Many manipulative items at Rainbow Steps help teach things like numbering, relative sizes, order and sequencing, and more concepts that build a child’s mental and physical skills.
We learn about our physical world in terms of geometric ideas, so we teach about dimensional shapes like squares, rectangles, and hexagons in a variety of ways.
If text is read aloud by the teacher, students learn about the media, they ask questions about key details, and they learn to ask questions if something is not understood.
Part of our work at school is getting students to ask and answer questions about key details in a story or song. It's important for teaching comprehension.
We teach students that conversations have multiple exchanges. Students learn to read social cues, to regulate emotions, to negotiate, and to take turns.
Students engage in dress-up play which allows them to be someone else.
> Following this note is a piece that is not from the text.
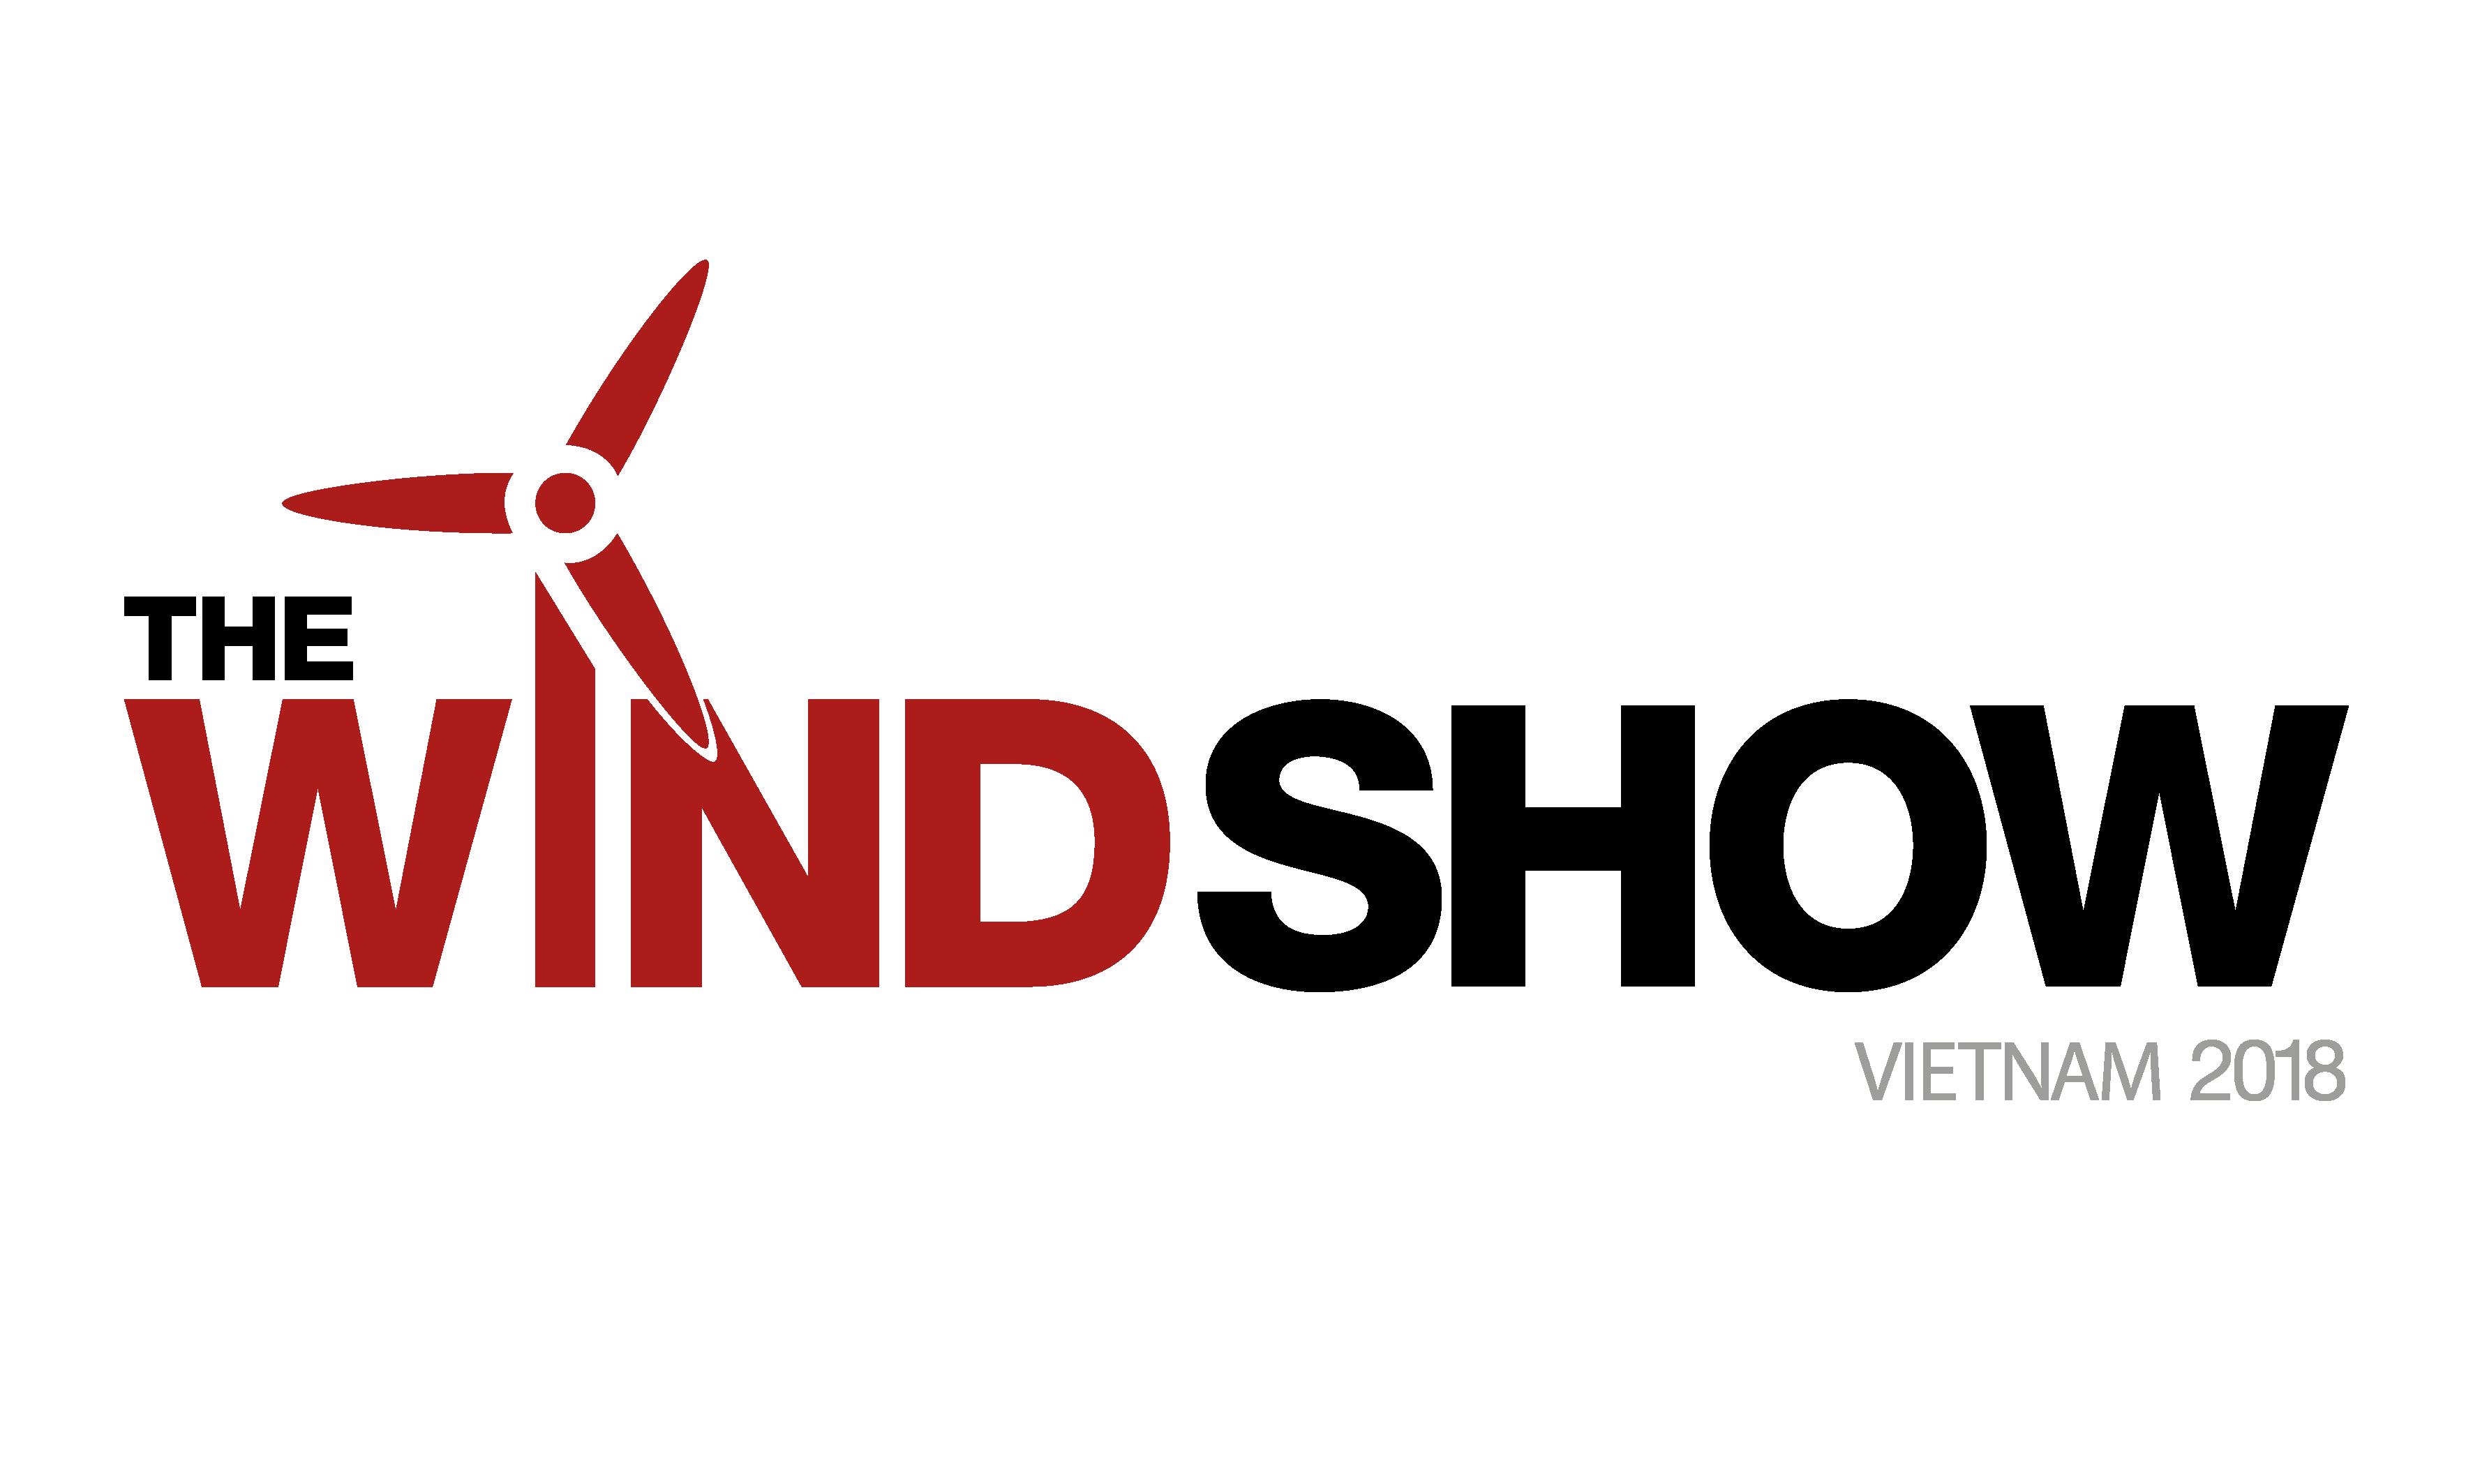 The Wind Show Vietnam 2018 logo - EPS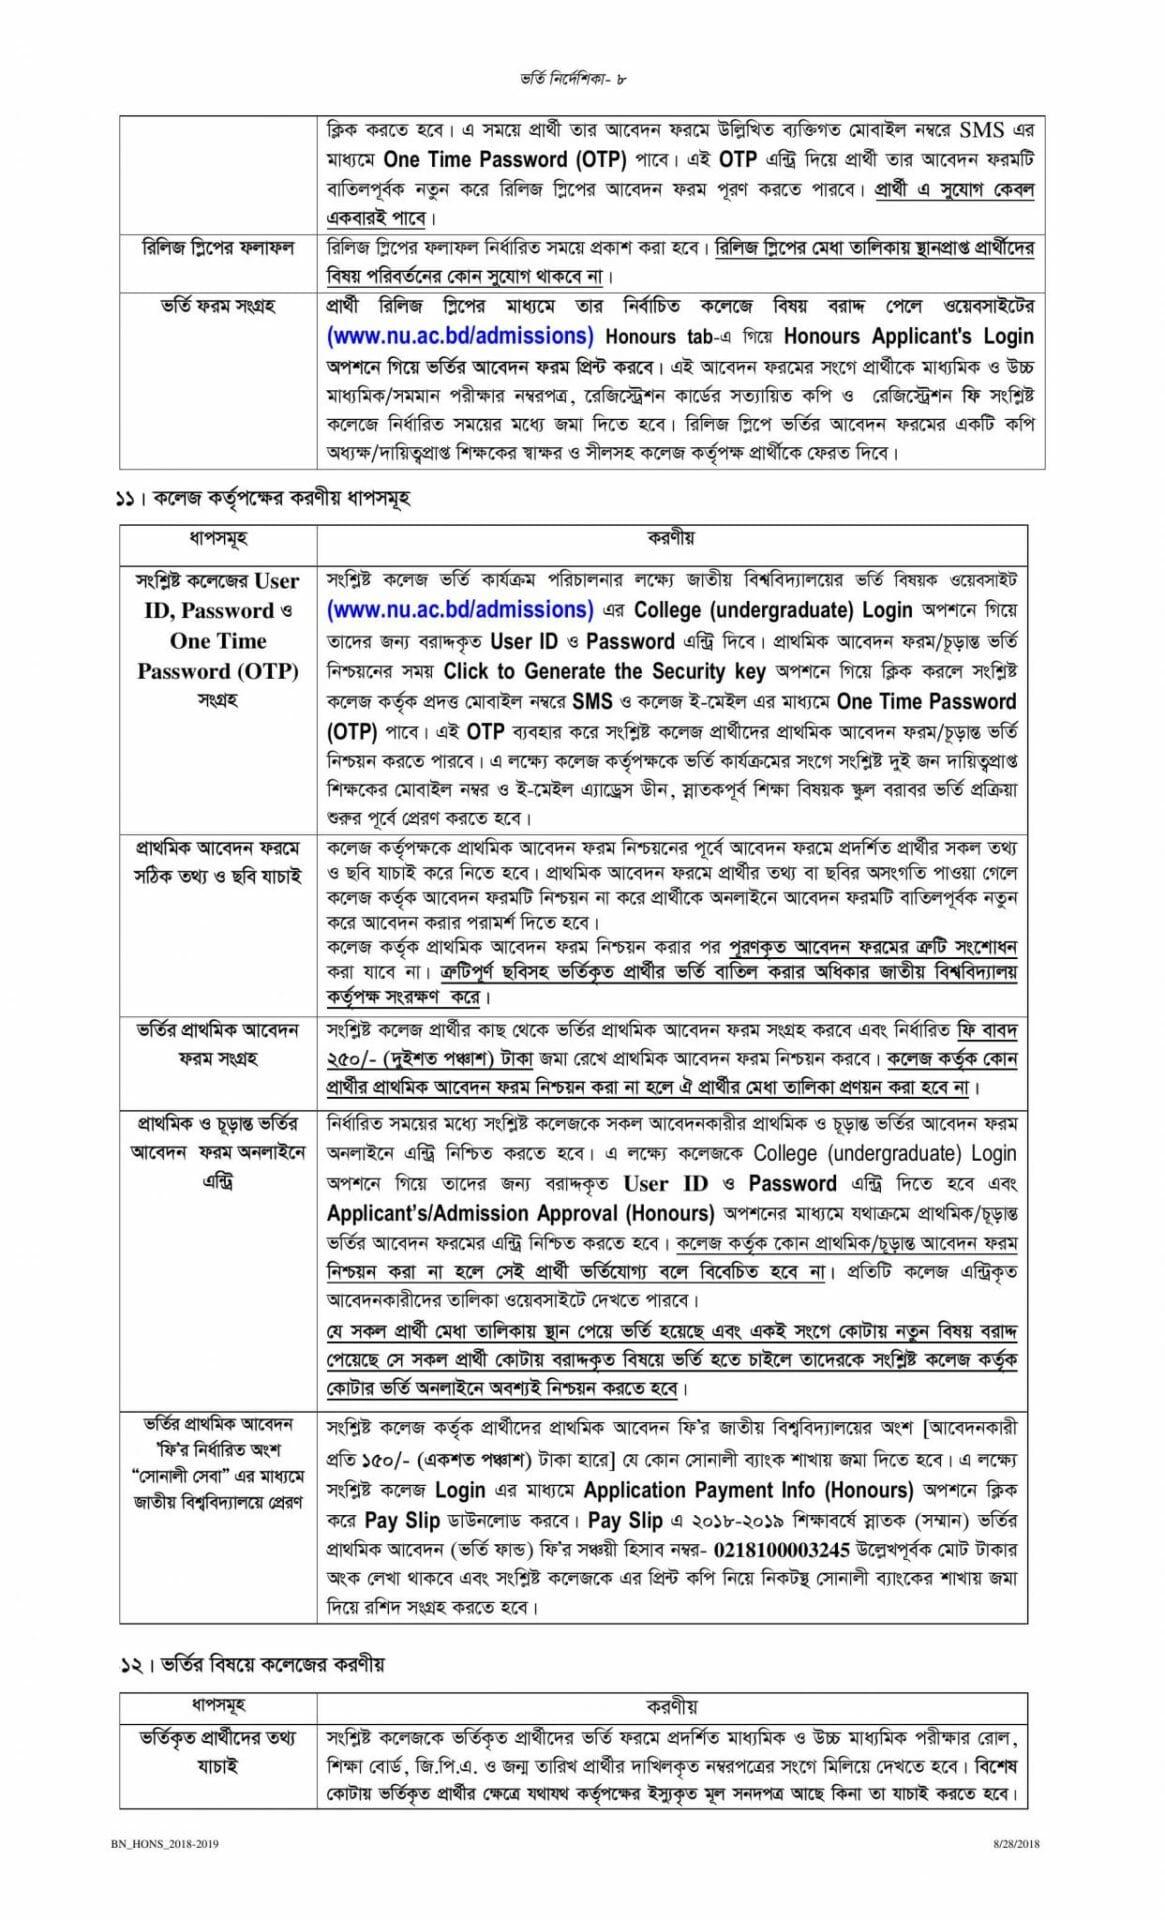 National University Admission Honours Guideline-8

Using props for a role excites imagination and develops positive ideas about work, and about the world around us.
We hang things on our walls that are student-produced using a combination of drawing and dictating to encourage students to compose. Drawing encourages the future ability to produce writing that is understood by others, and that can be explained by the author.
Puzzles are multi-purpose at Rainbow Steps: They build students' manipulation skills; they demand students use their cognitive skills; and they show that the reward at completion provides a positive ending to a task.
Acting out meal preparation is one of the ways that Rainbow Steps students learn to collaborate, problem solve, and think flexibly. Interacting with others is critical to life’s success and happiness.
Art time is always fun, and it develops fine motor skills. Arts and crafts also stimulate preschoolers’ imaginations and creativity helping with mental development.